Мать бранила Гаррика за излишнюю задумчивость. Гейра, когда он не сразу отзывался, не ругалась, переспрашивала — видела, что мыслями он ушел куда-то очень далеко.
— Принес? — не первый раз, но спокойно, пусть и недоверчиво, уточнила Гейра, возвращая его в настоящее.
— Зря ты во мне сомневаешься!
Гаррик приосанился, значительно поглядел на Гейру, чем вызвал почему-то только ещё одну улыбку, а ямочки и кудряшки словно задались целью свести его с ума. Быстро потряс головой, чтобы не погрузиться опять слишком глубоко. Вложил в протянутую ладонь три желтых шарика, потеплевшие от его рук.
— Винир кого хочешь убьет за это, — сказала Гейра, завороженно разглядывая запретные плоды ратуши и целого города, которые предполагалось попросту употребить в пищу. Впрочем, без особой опаски. — На кухне сказывали, он каждый пересчитывает и знает в лицо! А те, что упали, — таинственно прошептала, как будто рассказывала страшилку, — подбирает, сушит и хранит в большом сундуке, том, что слева от входа.
Гейра замолчала и неосознанно прижалась к Гаррику боком, как в поисках поддержки или защиты. Её явно пугали столь бережно хранимые мандаринчики.

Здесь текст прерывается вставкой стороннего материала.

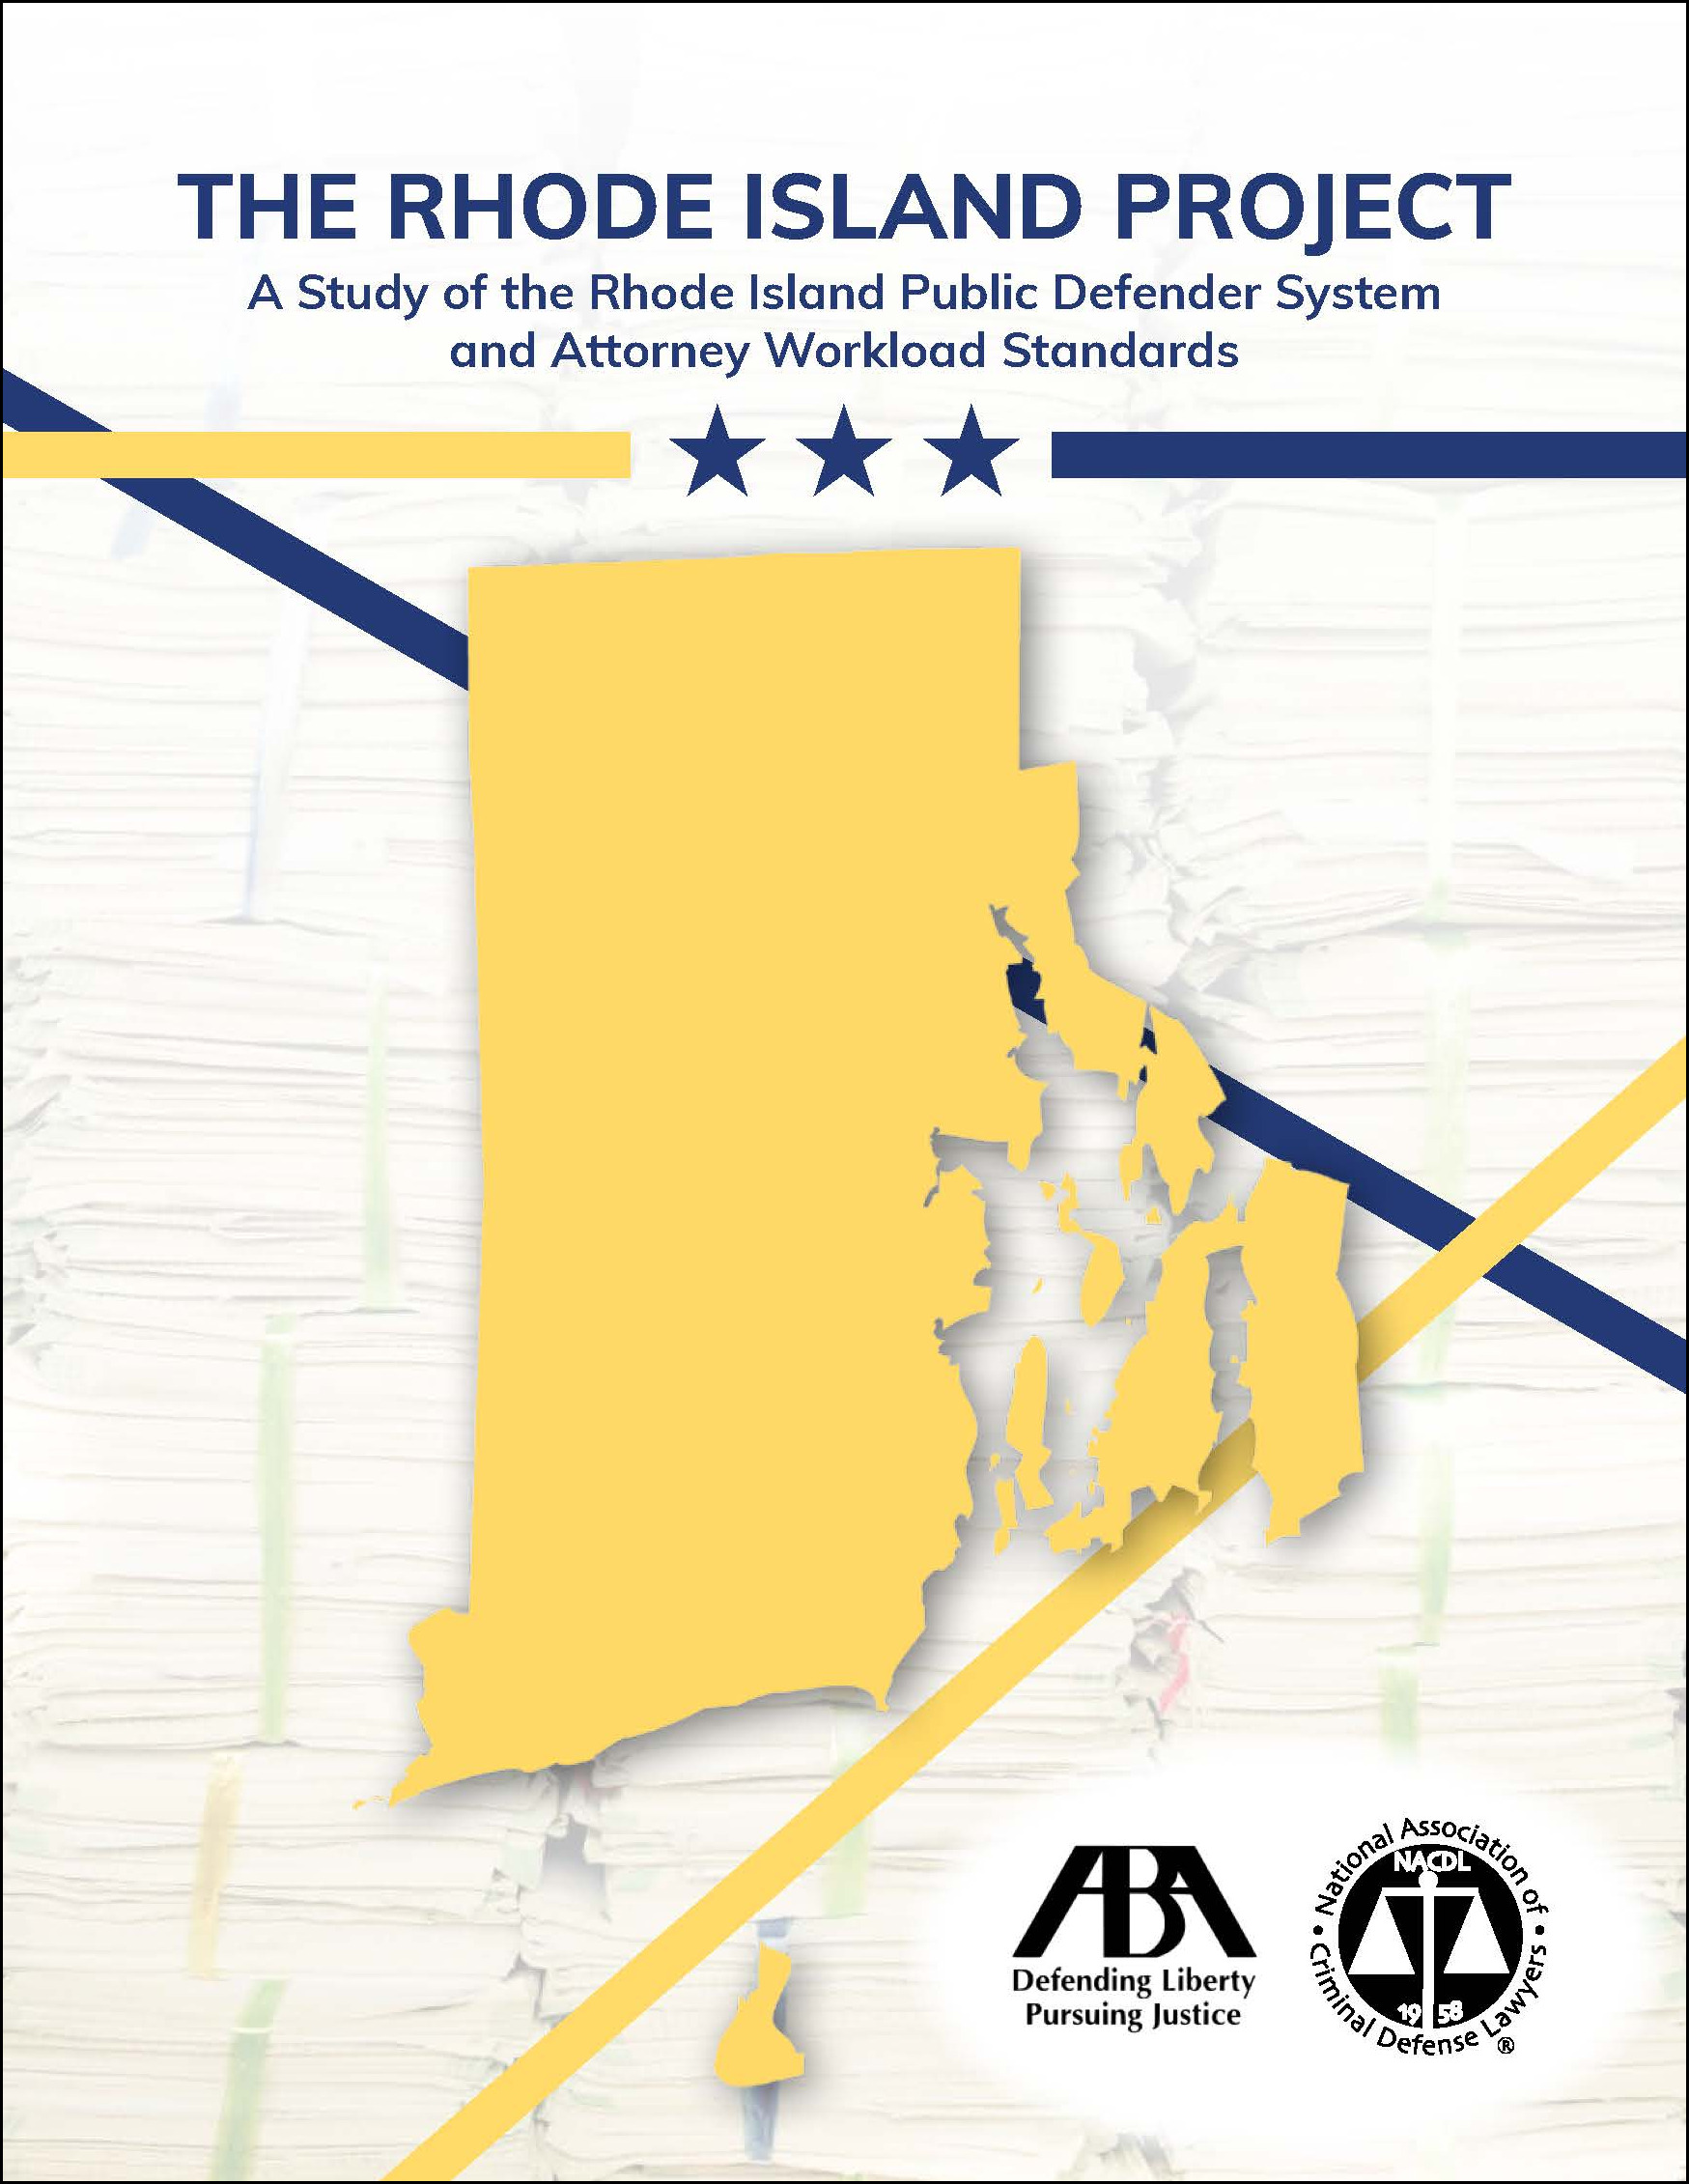 Cover for NACDL report The Rhode Island Project: A Study of the Rhode Island Public Defender System and Attorney Workload Standards
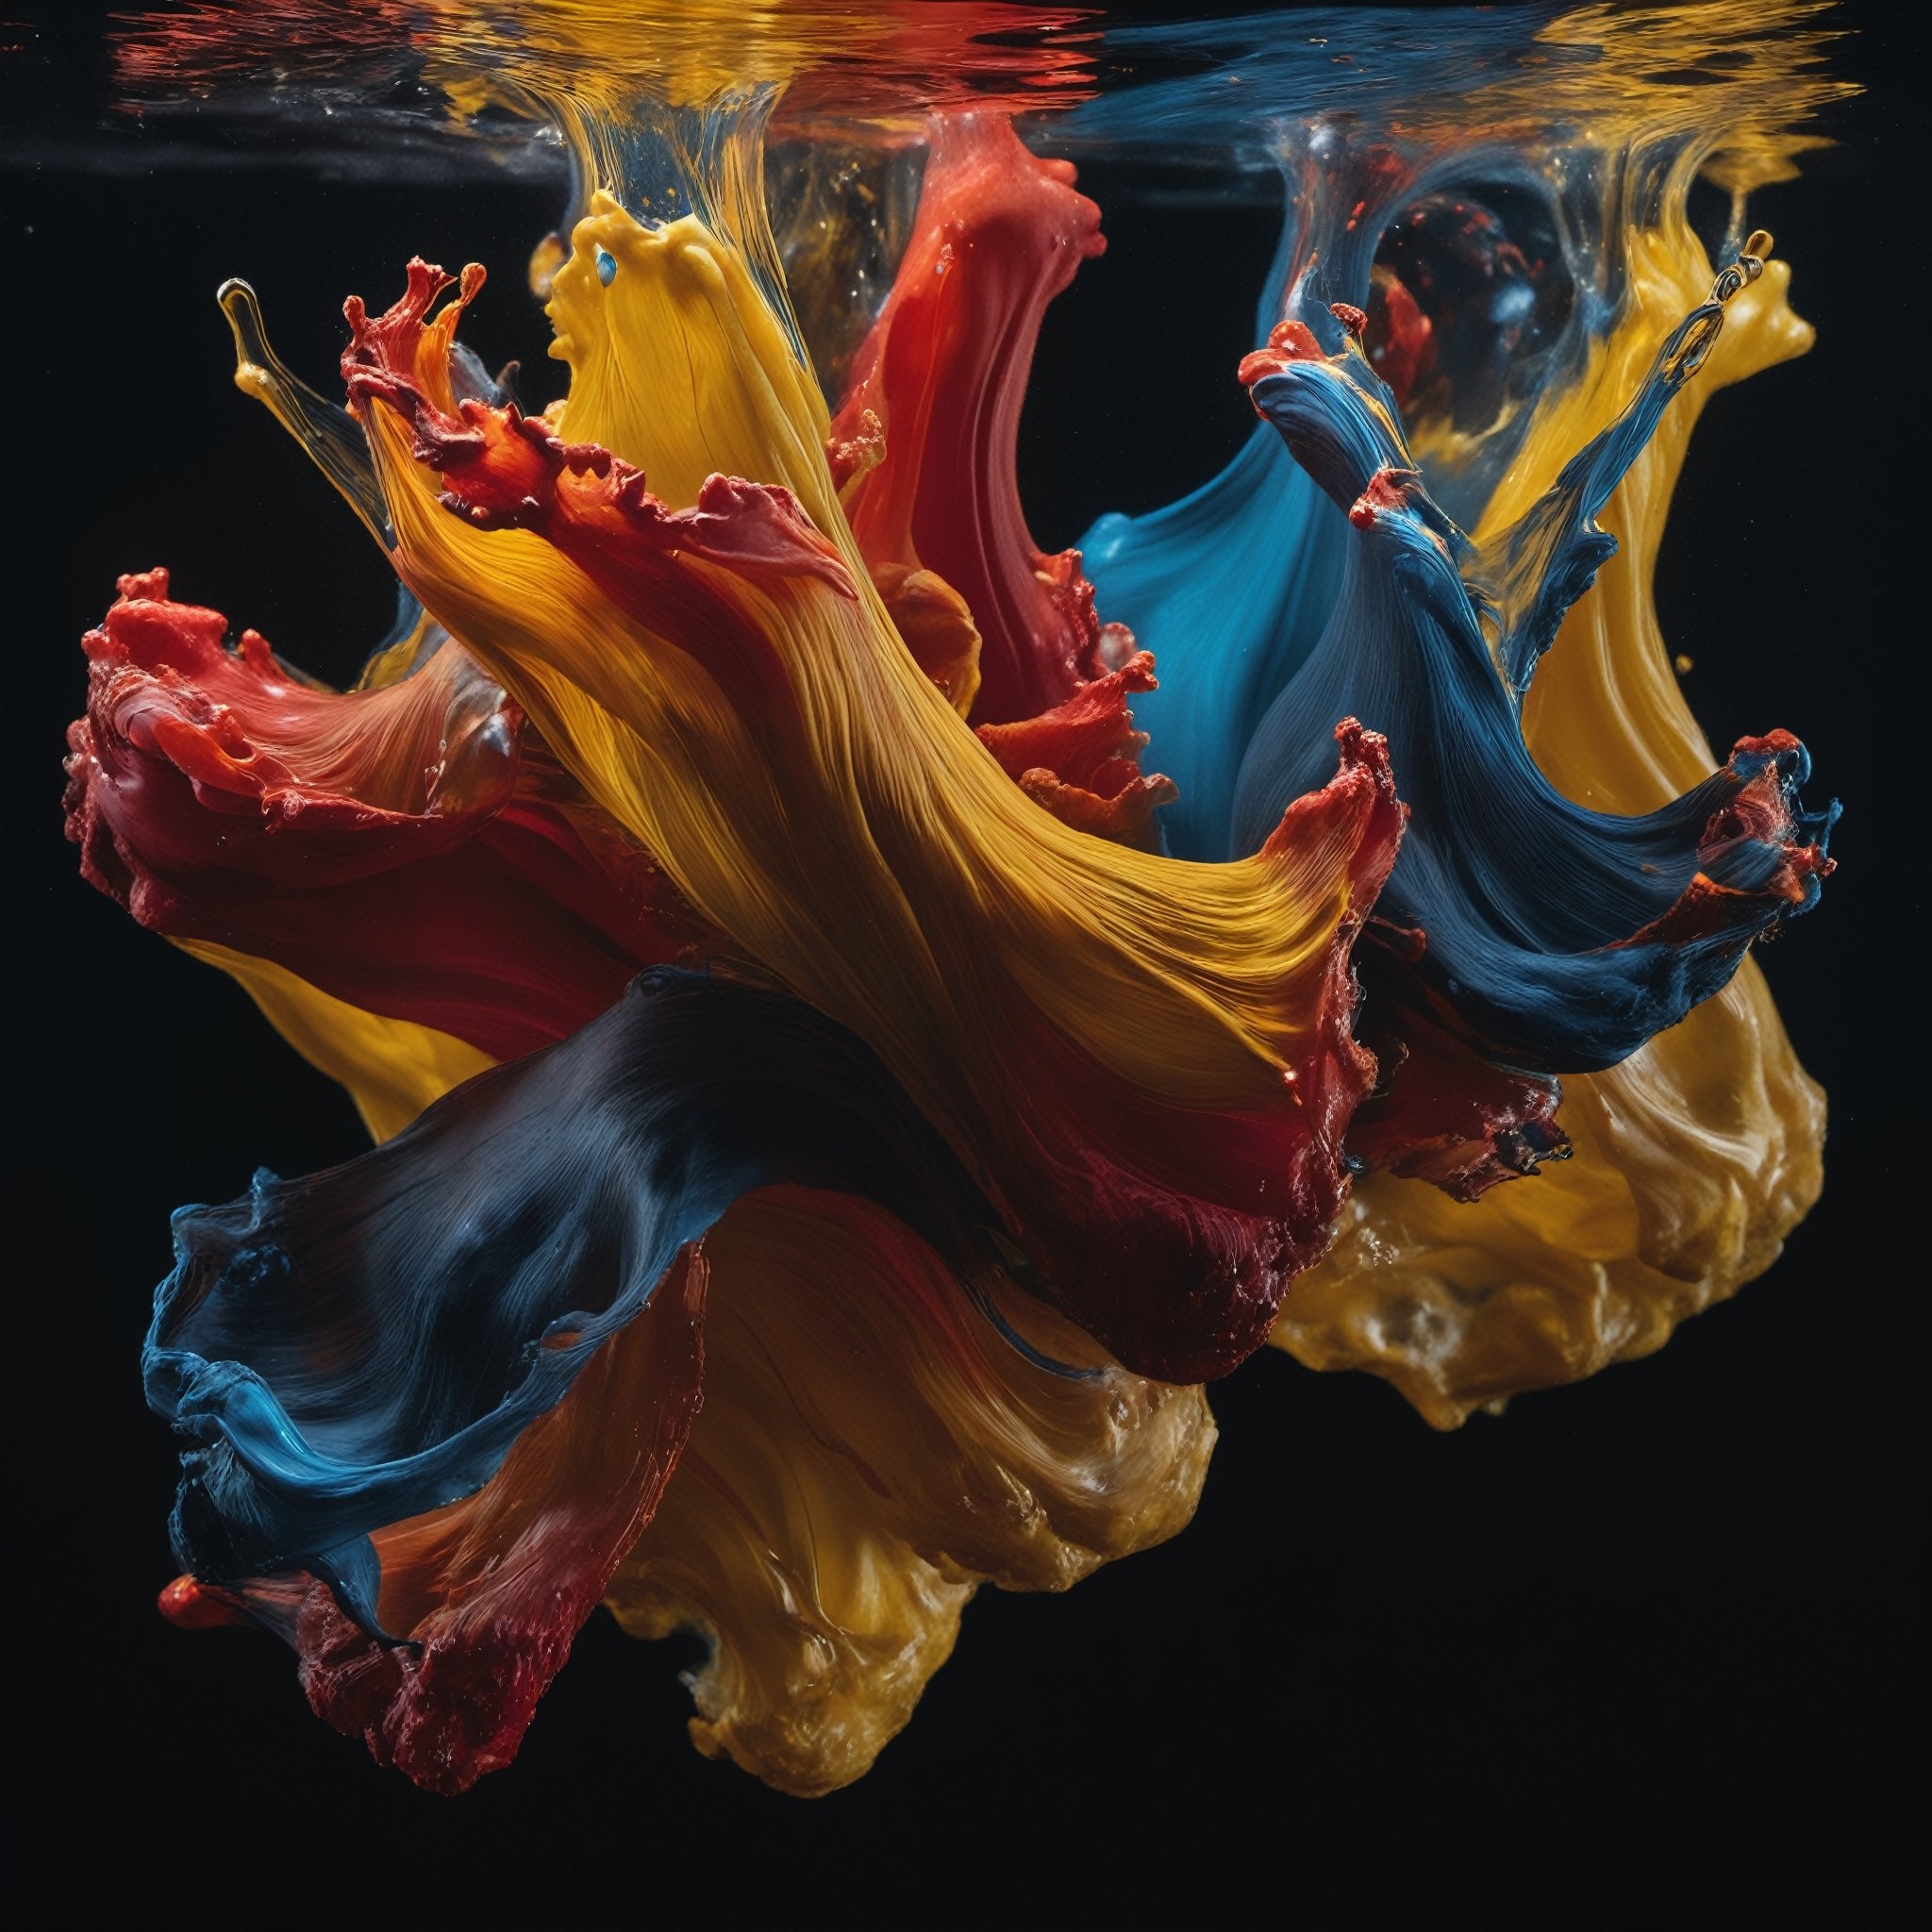 Capture the surreal beauty of a shot of oil paint submerged underwater against a dark black background. This studio photograph, shot with macro photography technique, reveals the hypnotic dance of red, yellow and blue tones of the oil paint dispersing in the water, creating an ephemeral and captivating work of art,

— Там прощения, — ответил Гаррик со знающим видом, уверенно и разумно, хотя аккуратно Гейру все равно приобняв. Та вскинула глаза, смутилась, но выворачиваться не стала. — Не стоит верить всему, о чем болтают на твоей кухне!
Он прищурился, поддразнивая младшую кухарку, на что Гейра толкнула его упругим боком, отошла на полшага, небрежно поправила кудряшки, стараясь отвлечься.
— Да, на моей! — теперь Гейра выглядела очень довольной. Подбросила в руке бесценные плоды, притопнула ногой, тряхнула головой, снова рассыпая по плечам кудряшки. — И запеканку для Ингрид я сделаю тоже на моей кухне!
Потом, крутанувшись, оказалась совсем рядом и поцеловала Гаррика.
— Теперь мне доверяют еще и рыбу! — волнующий шепот почти перед лицом делал смысл слов очень туманным, особенно сразу после поцелуя, но Гаррик восторженно закивал, ничего плохого таким тоном сказать невозможно. — Знаешь, какая у нас строгая главная кухарка! А меня — хвалит!
В глазах Гейры снова странным образом сочетались ясность и темнота, сводя бывшего стражника с ума совершенно точно…
Месяц, а то и два, до следующего выходного Гейры, он ждать не мог, и младшая кухарка, воспользовавшись перерывом, опять выскочила к нему из ратуши, как неделю назад. Тогда она послушала новости о работе, а потом пожаловалась, что Ингрид совсем ничего не ест. Перестала что-либо заказывать, а на принесенный со словами «просто осталось» пирог посмотрела, поблагодарила, под пристальным взглядом Гейры откусила, но так и не доела.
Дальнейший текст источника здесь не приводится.